= Helen Hitchings =

New Zealand art dealer

Helen Hitchings (17 June 1920 - 4 July 2002) was a New Zealand art dealer, best known for the short-lived but influential eponymous dealer gallery she opened in Wellington in 1949.

==Gallery of Helen Hitchings==

At age 28 Hitchings opened New Zealand's first modernist dealer gallery, in a converted warehouse space at 39 Bond Street in central Wellington. Previous to this she had worked as a theatre designer and advertising assistant.

In the gallery Hitchings showed the work of emerging painters who went on to become major figures in New Zealand art, including Toss Woollaston, Rita Angus and Colin McCahon, alongside Douglas MacDiarmid and Evelyn Page. She recruited the modernist architect Ernst Plischke to produce furniture designs sold through the gallery, and A. R. D. Fairburn and May Smith to design textiles. Hitchings also showed the work of important potter Len Castle. Hitchings also designed pieces of pottery which were commercially produced and sold through her gallery.

Hitchings sought to create an informal atmosphere at the gallery, serving visitors coffee and encouraging them to touch and feel for themselves. In a radio interview in 1950 she said "The atmosphere says immediately - come in, have a cigarette and look at and feel and handle everything, and see what ideas you get and equally important, what are the ideas of others . . . There are no KEEP OFF THE GRASS signs anywhere in the gallery."

Contemporary photographs of the gallery show a simple, airy space where furniture, ceramics, textiles and artworks are displayed together, suggesting how a modern home could be decorated.

In 1951 Hitchings went to London, taking a selection of New Zealand art with her to exhibit. On her return she was unable to reopen her gallery, but despite the short period in which it operated, the gallery is recognised as an important moment in the post-war development of New Zealand culture, especially in terms of creating an audience for modernist work. Art historian Gordon H. Brown has observed that the gallery created ‘a clientele who more easily were able to develop a sense of artistic discrimination through exposure to a continuously changing display of carefully selected paintings, prints and handicrafts’

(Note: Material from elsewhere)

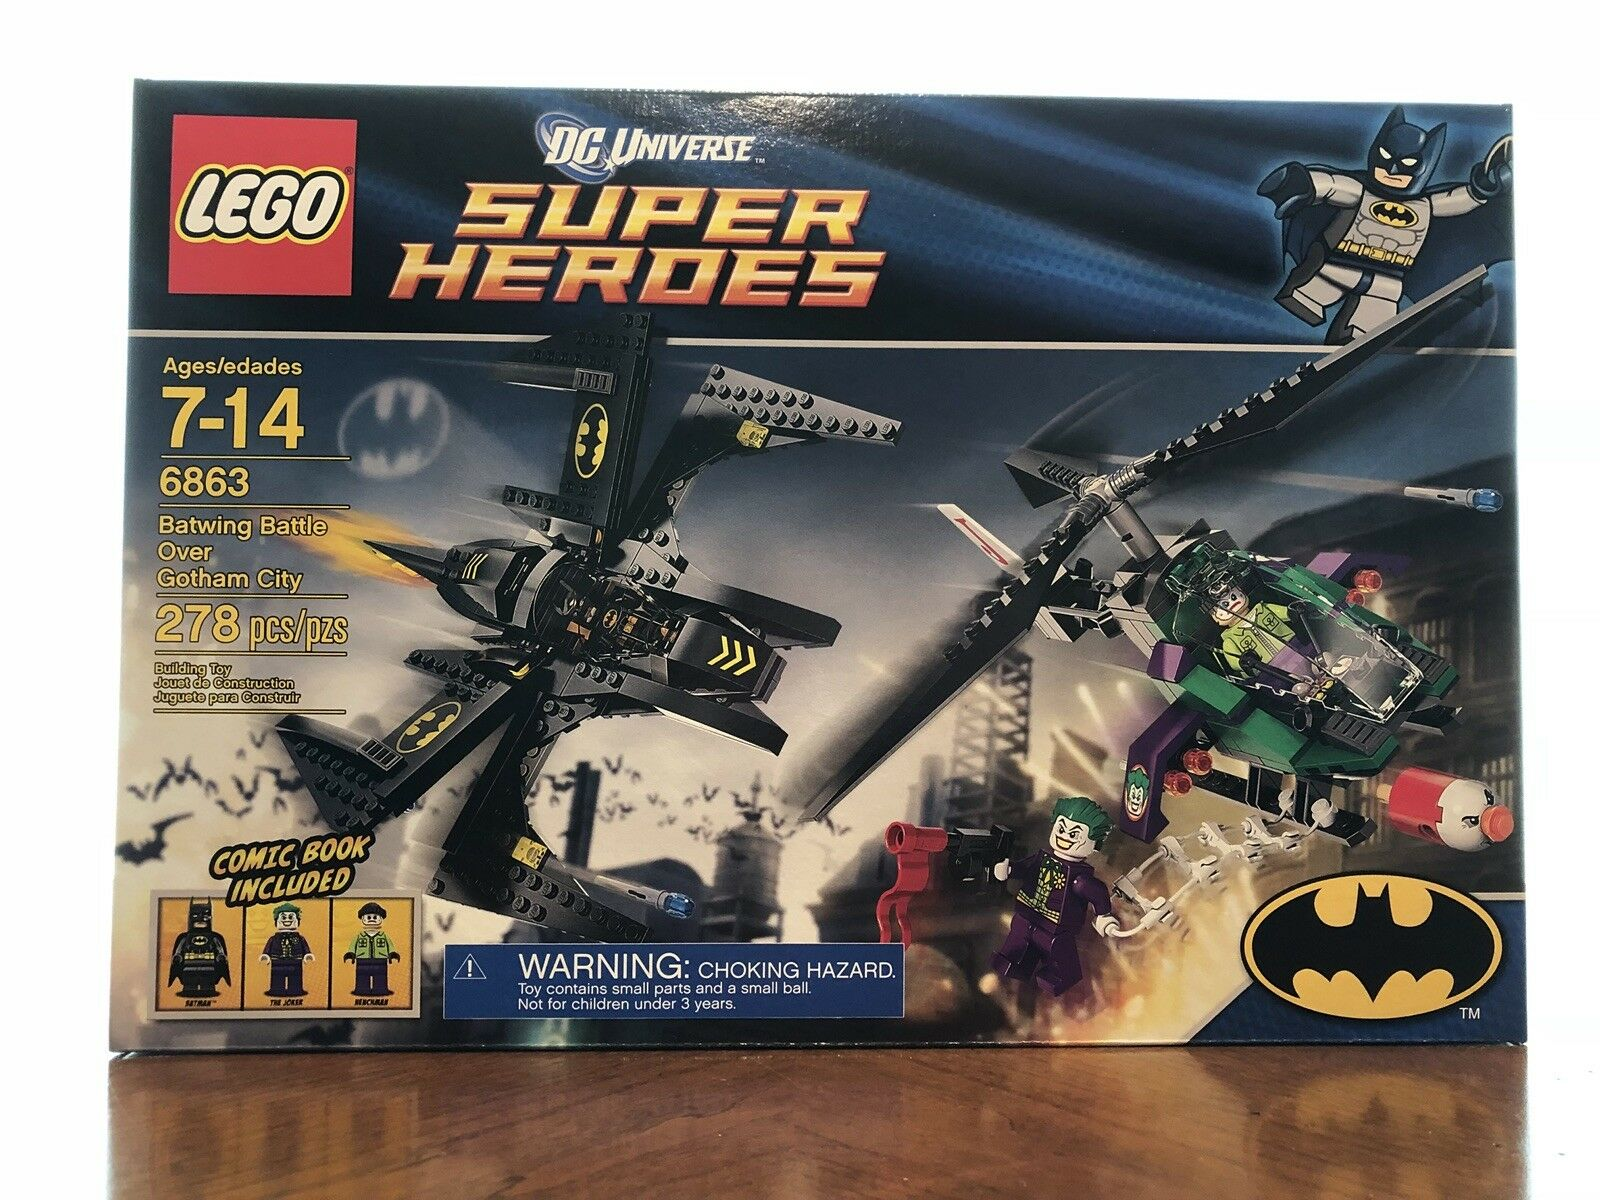 Sconto del 70% a buon mercato LEGO 6863 DCUniverse Super Heroes-Batwing Battle Over Gotham città città città (Discontinued)  vendita calda online

==Recognition and influence==

In 2008 the Museum of Wellington City & Sea staged an exhibition recreating Hitchings’ gallery. In 2015 the Museum of New Zealand Te Papa Tongarewa opened an exhibition The Gallery of Helen Hitchings which features photographs of Hitchings alongside objects sold through or similar to those presented at her gallery.

In 2016 Wellington artist Erica van Zon produced a body of work in homage to Hitchings, titled Coffee Perhaps. The work was displayed at The Dowse Art Museum.

==Further information==

The archives of the Helen Hitchings Gallery are held in the Te Papa archives.

Justine Olsen, curator of Decorative and Applied Arts at Te Papa, was interviewed about Helen Hitchings and the influence of her gallery in 2015.